Martwa Europa
Przekład: Maciej Płaza
Tytuł oryginału: Dead Europe
Data wydania: 2010
Data premiery: 1 marca 2010
ISBN: 978-83-7674-020-1
Format: 145x205
Oprawa: Miękka
Liczba stron: 432
Kategoria: Literatura współczesna
34.90 zł 24.43 zł
Osobliwa, niepokojąca i bulwersująca powieść o rozczarowaniu Europą, autodestrukcji zachodniej cywilizacji i demonach, które skrywa europejska historia.

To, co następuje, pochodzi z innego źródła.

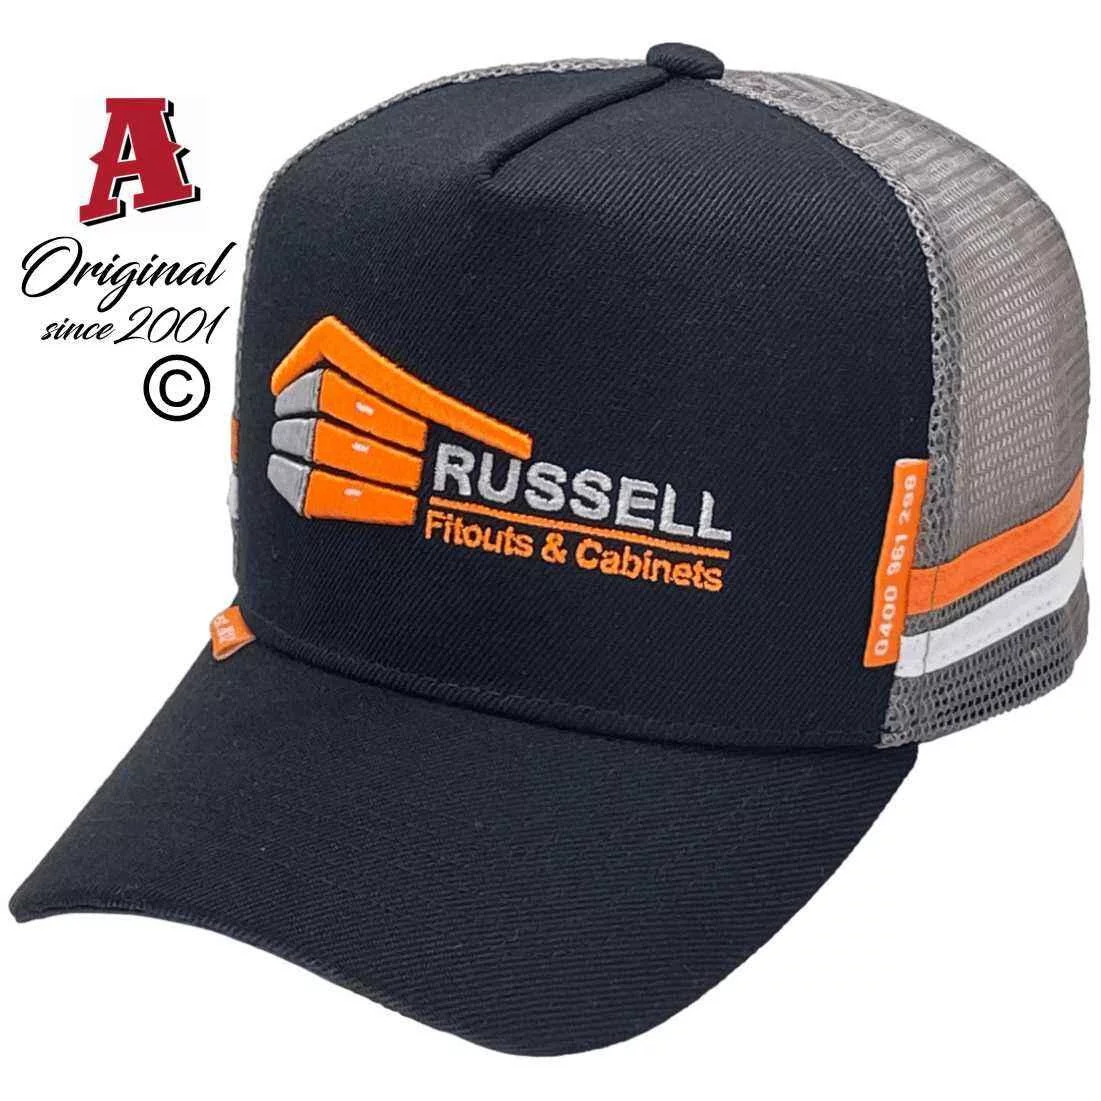 Russell Fitouts & Cabinets Brendale QLD Midrange Aussie Trucker Hats with Double SideBands and Australian HeadFit Crown  black orange White

Isaac, młody australijski fotografik greckiego pochodzenia, wyrusza w podróż po Europie: Ateny,Wenecja, Praga, Berlin, Paryż, Amsterdam, Londyn. Zainspirowany opowieściami ojca wyobraża sobie Stary Świat jako kolebkę cywilizacji, wyrafinowaną i dostatnią krainę pełną skarbów kultury. Współczesna Europa okazuje się jednak światem zglobalizowanym i zunifikowanym; pod fasadą nowoczesności Isaac odkrywa kontynent naznaczony przez krwawe doświadczenia historii i wyrokiem koszmarnej przeszłości skazany na wieczną udrękę. Isaaca zaczyna prześladować demon, będący nie tyle pospolitym duchem rodem z horroru, ile metaforą klątwy Holocaustu, ciążącej – jak sugeruje autor – nad całą Europą. W oczach Isaaca płaszczyk konsumpcjonizmu i kulturowej unifikacji w zjednoczonej Europie okazuje się skrywać wszechobecną nędzę, wyzysk i zbrodnie oraz głęboko zakorzenione antagonizmy rasowe i narodowościowe.
Pierwszą rzeczą, jakiej się dowiedziałem na temat Żydów, było to, że podczas każdych świąt Bożego Narodzenia porywali chrześcijańskie dziecko, zamykali wrzeszczącego bobasa w beczce, a potem wbijali noże pomiędzy klepki i spuszczali z niego krew. O północy, gdy chrześcijanie świętowali narodziny Jezusa, Żydzi rozpoczynali w synagogach parodię ich obrzędów, przed wizerunkami swojego rogatego Boga pijąc krew złożonego w ofierze dziecka.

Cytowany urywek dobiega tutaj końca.